# bank statement requirement for express entry and PNP



## syncroy (Oct 22, 2017)

hi friends, i am creating the express entry profile on december 1st . however i will be able to arrange funds of $12500 in my account in feb 2018. Lets say for example i get a invite in march 2018. we have only 90 days to submit the documents. If i am submitting the documents by june 2018 then my bank statement is less then 6 months (statement of 4months only). As per the process the immigration requires 6 months of statement. 
1.please advice if this can this be a reason for the rejection
2.what can i do in this situation . 
3.what if i skip the invite for march 2018 and wait for next invite due to statement being less than 6 months.
4.if applying for pnp do i require to show bank statement of 6 months too.


----------



## WestCoastCanadianGirl (Mar 17, 2012)

syncroy said:


> hi friends, i am creating the express entry profile on december 1st . however i will be able to arrange funds of $12500 in my account in feb 2018. Lets say for example i get a invite in march 2018. we have only 90 days to submit the documents. If i am submitting the documents by june 2018 then my bank statement is less then 6 months (statement of 4months only). As per the process the immigration requires 6 months of statement.
> 
> 
> 1.please advice if this can this be a reason for the rejection
> ...


...


----------



## syncroy (Oct 22, 2017)

I have done a assesment on Canada immigration website . I will get 424 points . 
I am now waiting for the IELTS scores which are due on 15th Nov .


----------



## colchar (Oct 25, 2011)

syncroy said:


> 1.please advice if this can this be a reason for the rejection


Yes.




> 2.what can i do in this situation .


Have the money longer.


----------



## syncroy (Oct 22, 2017)

I want to deposit a cheque of $12500 issued from my mother's account to my account as proof of funds & utilize these funds for my expense in Canada . 
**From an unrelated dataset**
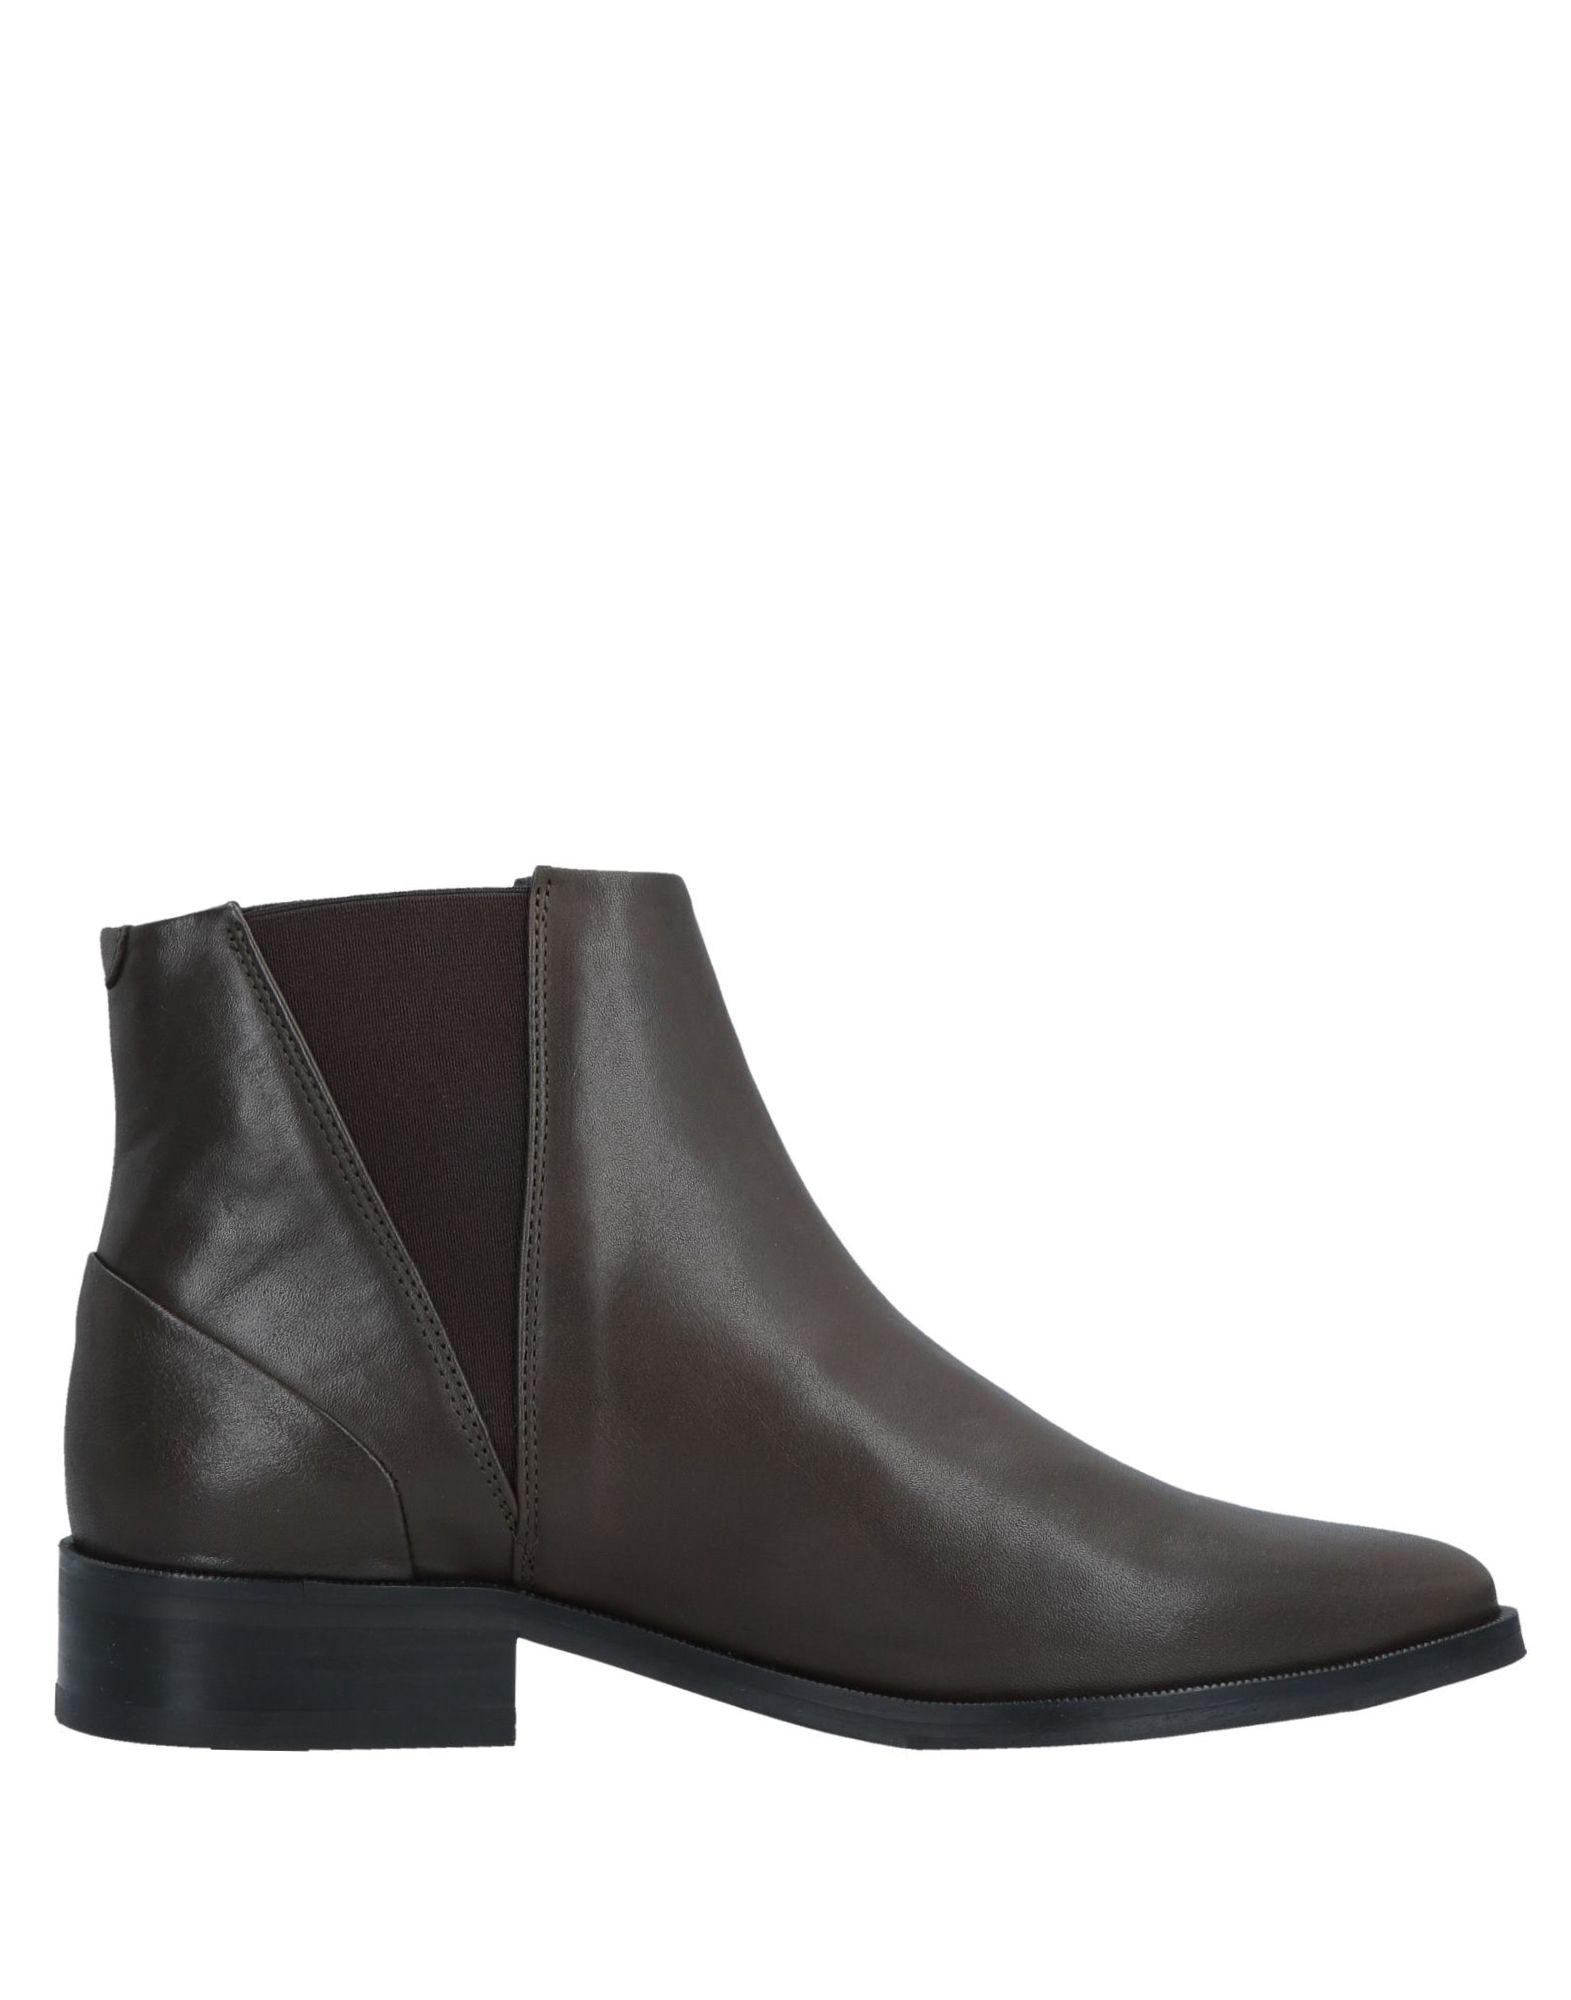 ROYAL REPUBLIQ Полусапоги и высокие ботинки

Please advice for the below .

1. Will the immigration officers ask for the source of the funds from my mother too ? Do I need to provide my mothers bank statement too ?

2. Will the officer ask for the reason for my mother giving me the funds ?


----------



## WestCoastCanadianGirl (Mar 17, 2012)

syncroy said:


> I want to deposit a cheque of $12500 issued from my mother's account to my account as proof of funds & utilize these funds for my expense in Canada .
> 
> Please advice for the below .
> 
> ...


I would think that the answer to both is a resounding "Yes."

They (Government of Canada) want to be assured that the funds you are presenting _are *not*_ the result of criminal/fraudulent activity and also that the funds _are *not*_ merely a loan for the purposes of immigrating to Canada... i.e. your Mother is giving you the money as a genuine gift and that she does not expect you to pay her back after you arrive in Canada.

As long as you can provide proof that your Mother has had the money in her possession for a significant amount of time and did not need to take out a loan to obtain the funds (I'd recommend showing 6 months worth of her bank statements to prove that the money isn't the proceeds of a loan) and that by giving you the money she is still financially solvent enough to continue to cover her own living expenses, then that should satisfy the GoC that the money is indeed under no obligation to be returned.


----------



## syncroy (Oct 22, 2017)

We are arranging the funds by selling out a property in cash mode .
The funds will be deposited as cash in my mother's account and a cheque from her account will be deposited to my account as a transaction .


----------